25 November, 2025
January 8, 2021, Brazil. In this photo illustration the RealPage logo seen displayed on a smartphone.

January 8, 2021, Brazil. In this photo illustration the RealPage logo seen displayed on a smartphone

UPDATE: The Department of Justice (DOJ) has just announced a significant settlement with real estate tech firm RealPage, accused of enabling landlords to illegally collude on rent prices. The settlement, revealed in a North Carolina federal court today, aims to combat the rising costs of housing impacting millions of American renters.

Under this agreement, RealPage must cease the use of “nonpublic, competitively sensitive information” from landlords to set rental prices. RealPage’s software will now only utilize data that is at least 12 months old, effectively halting the practice of using active lease data to train its algorithms.

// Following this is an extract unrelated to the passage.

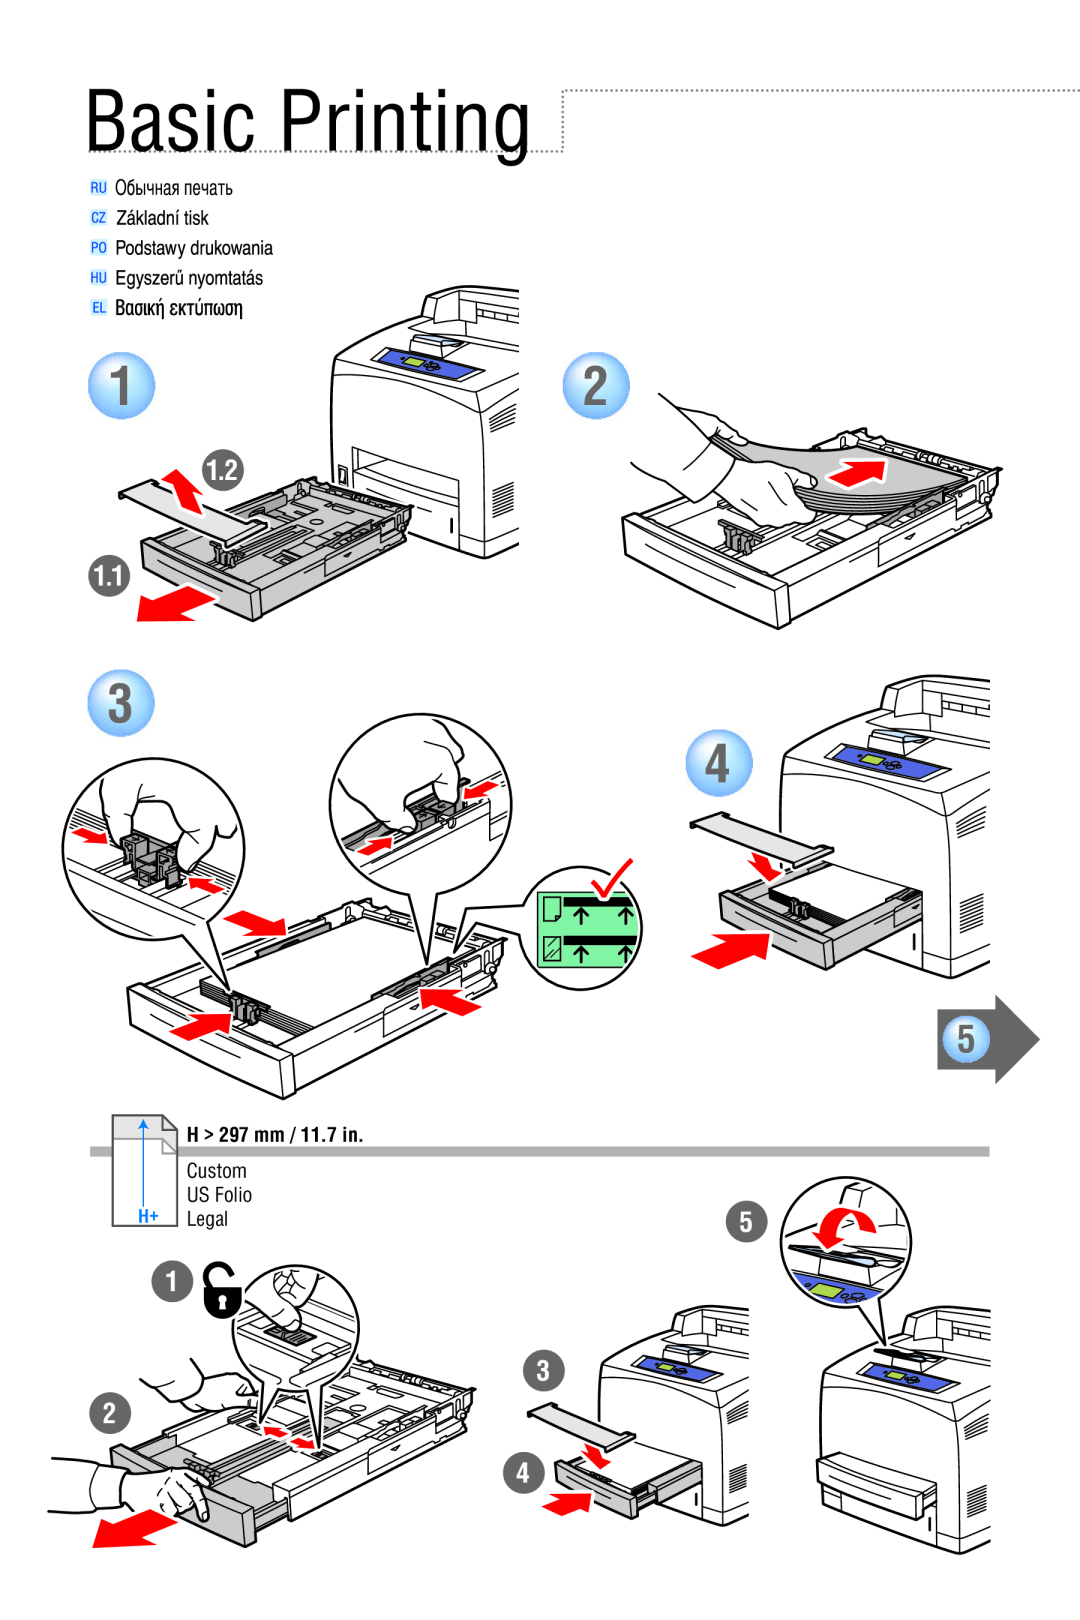 Xerox 4500 manual Basic Printing, 1.2 1.1, H 297 mm / 11.7 in 
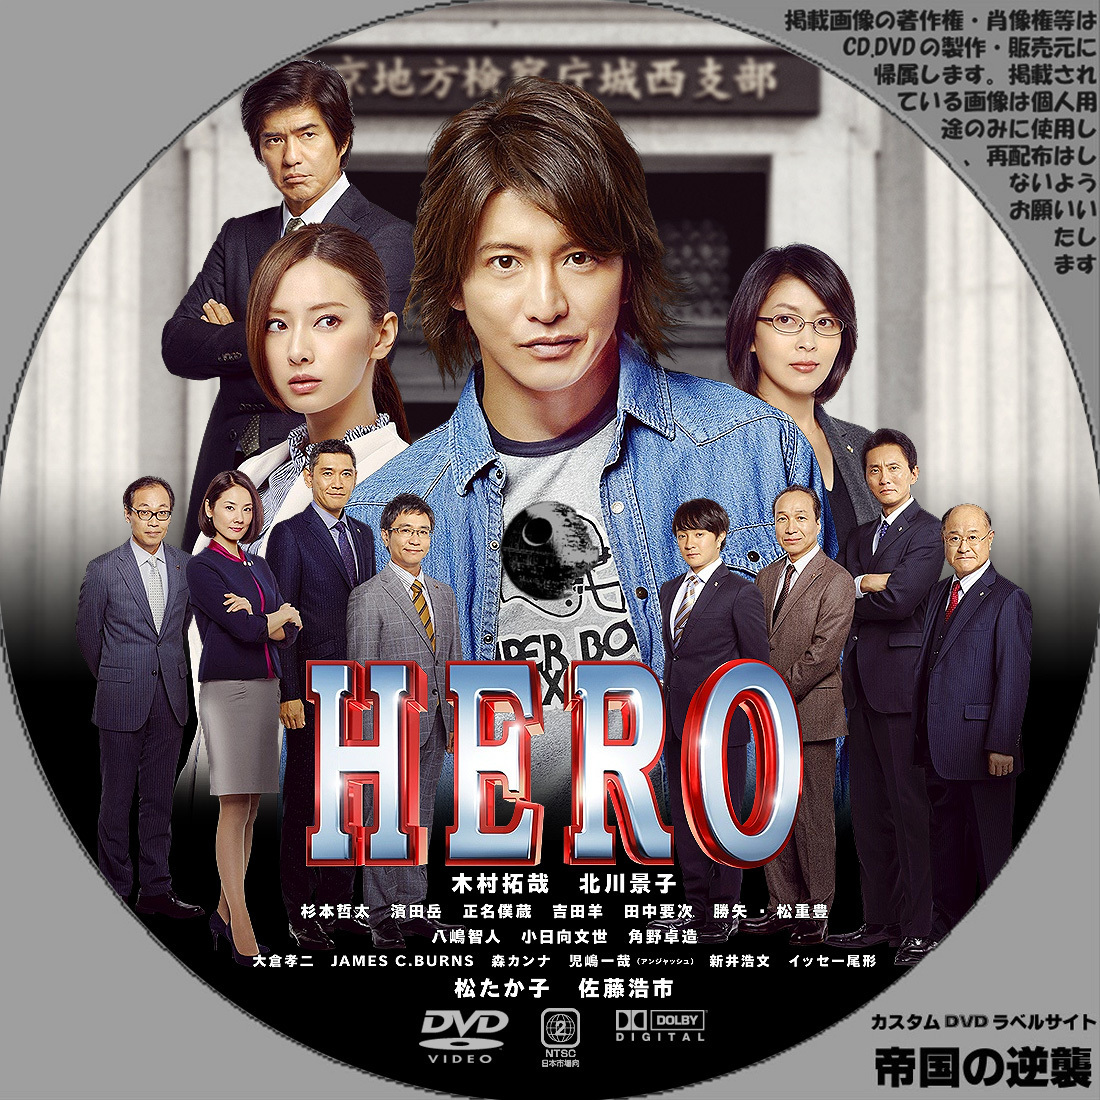 HERO ヒーロー DVDラベル: 新作映画のDVDラベル 続・帝国の逆襲

This move is expected to restore competitive market conditions and provide relief to cash-strapped renters struggling with soaring rents.

DOJ Antitrust Chief Gail Slater emphasized the importance of the settlement, stating, “Competing companies must make independent pricing decisions.” The DOJ’s decision to settle avoids a lengthy trial while ensuring that algorithmic collusion is addressed.

The lawsuit, originally filed under former US Attorney General Merrick Garland, alleged that RealPage’s technology allowed landlords to prioritize profits over competition, which has exacerbated the housing crisis. It was claimed that landlords were using algorithms to set rents based on confidential data submitted by their competitors, rather than competing for tenants.

RealPage, based in Richardson, Texas, is now required to implement several changes to its practices. This includes not allowing its models to assess geographic market effects below the state level and redesigning features that could limit rent decreases or encourage price alignment among landlords. Additionally, RealPage must stop soliciting sensitive market information through surveys and discussing nonpublic data in revenue management meetings. A court-appointed monitor will oversee compliance with the settlement terms.

The DOJ’s legal action also involved eight states—California, Colorado, Connecticut, Minnesota, North Carolina, Oregon, Tennessee, and Washington—joining as plaintiffs. The suit was expanded in January 2023 to include major landlords such as Greystar Real Estate Partners and Blackstone’s LivCor as co-defendants. While the DOJ has reached settlements with some defendants, legal proceedings against others are still ongoing.

This case marks a critical moment in the fight against algorithmic collusion, an emerging challenge as industries increasingly rely on technology for business operations. The DOJ’s efforts reflect a growing concern about the impact of such practices on competition and consumer prices.

As the settlement awaits court approval, it presents a pivotal opportunity for the housing market to regain its competitive edge. The DOJ will continue to monitor and enforce compliance, ensuring that the settlement leads to meaningful changes that benefit renters across the United States.

RealPage has not yet commented on the settlement. The public, especially renters, eagerly anticipates the implementation of these changes, hoping for a more equitable rental landscape.